After the mortar set up for two days, I decided to test out the cooking possibilities with an egg for dinner. It wasn't very elaborate, and I had to bring the toast from the kitchen. But our own homegrown egg cooked up beautifully with some greenery snipped right from the garden. Hardly any ash on my inaugural rocket stove meal!
I'm absolutely thrilled with my birthday present, especially because we built it ourselves at almost no expense. As soon as it was constructed, I started looking at the ground around it, and wondering which perennial culinary herbs it would be best to plant nearby. I'll divide my chives next spring and plant them within easy reach, and I think I'll put some lemon thyme in not too far away. I had asked that the rocket stove be situated just near the covered area next to our shed. So we have a convenient place to accumulate a pile of twigs and keep them dry. With some work we could pretty up this area and make it a nice place to hang out and contemplate the garden. More tasks for the list!

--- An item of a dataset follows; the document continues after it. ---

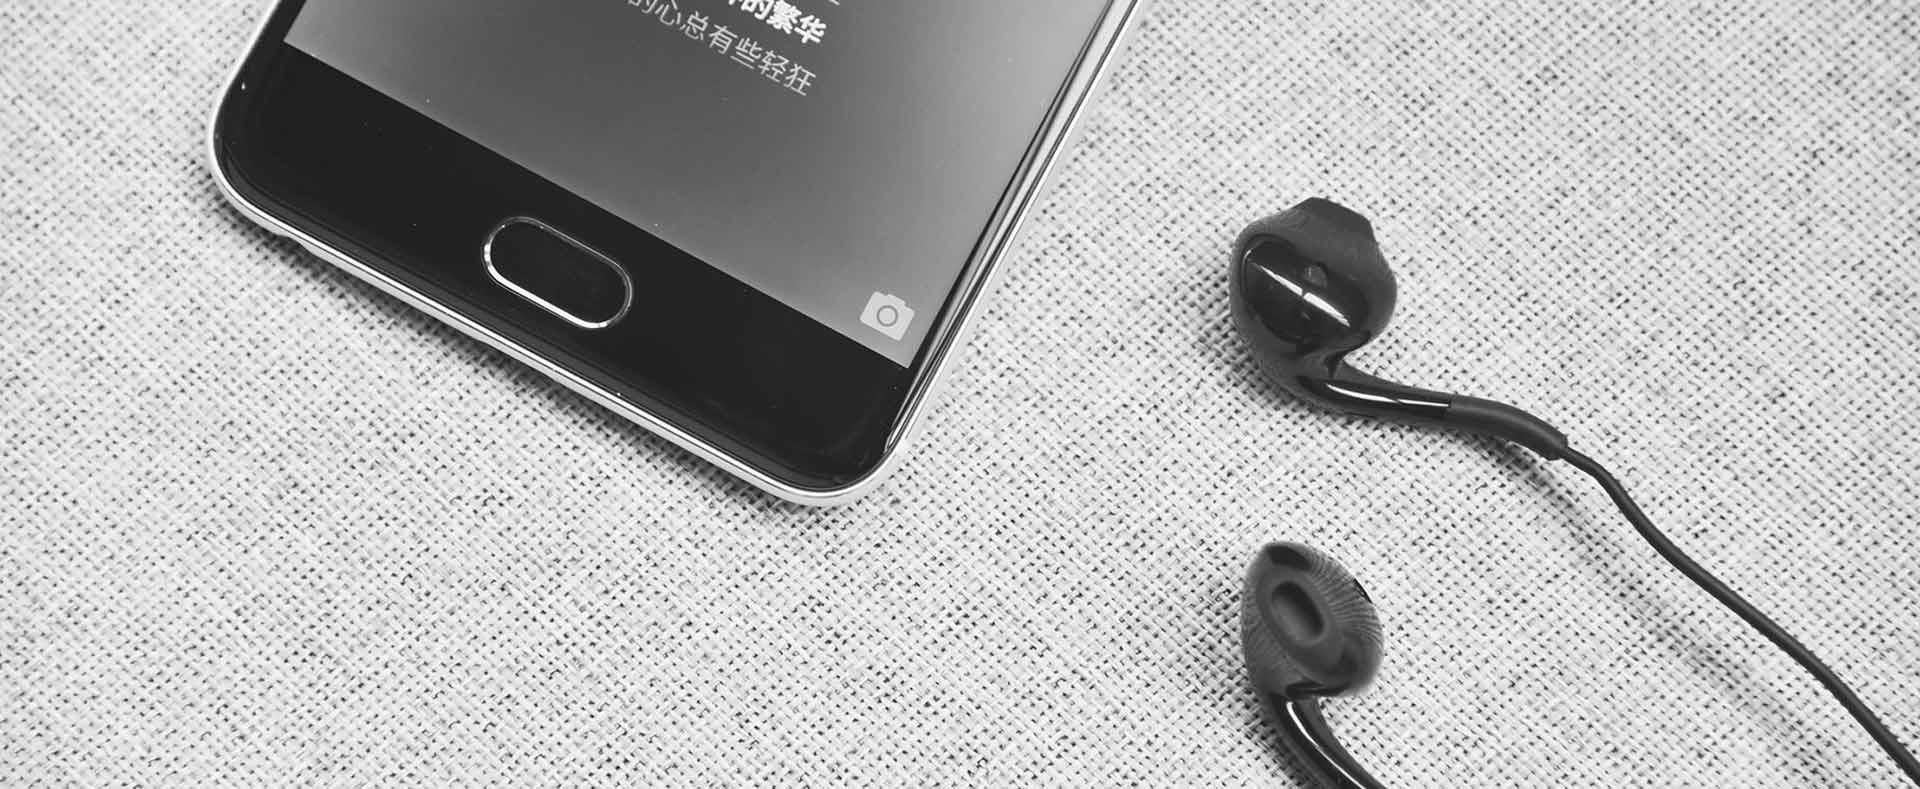 Изысканная стерео-гарнитура Meizu EP2X по привлекательной стоимости прибывает в Россию

The rocket stove is so hot that I don't envision using it for grilling, even though it's topped by a grill, but perhaps we'll eventually get the hang of producing a low flame. It will easily boil a pot of water, and I'm sure we will learn the ins and outs of cooking over heat so intense. I see the rocket stove as a way of efficiently using the huge quantity of deadwood that drops from our six remaining full sized deciduous trees each year. It will be an emergency backup for cooking in any weather. If we lost power for a long while during really cold weather, we could at least heat water to keep ourselves warm with tea, soup, and hot water bottles.
So...I'm in the market for one-skillet recipes!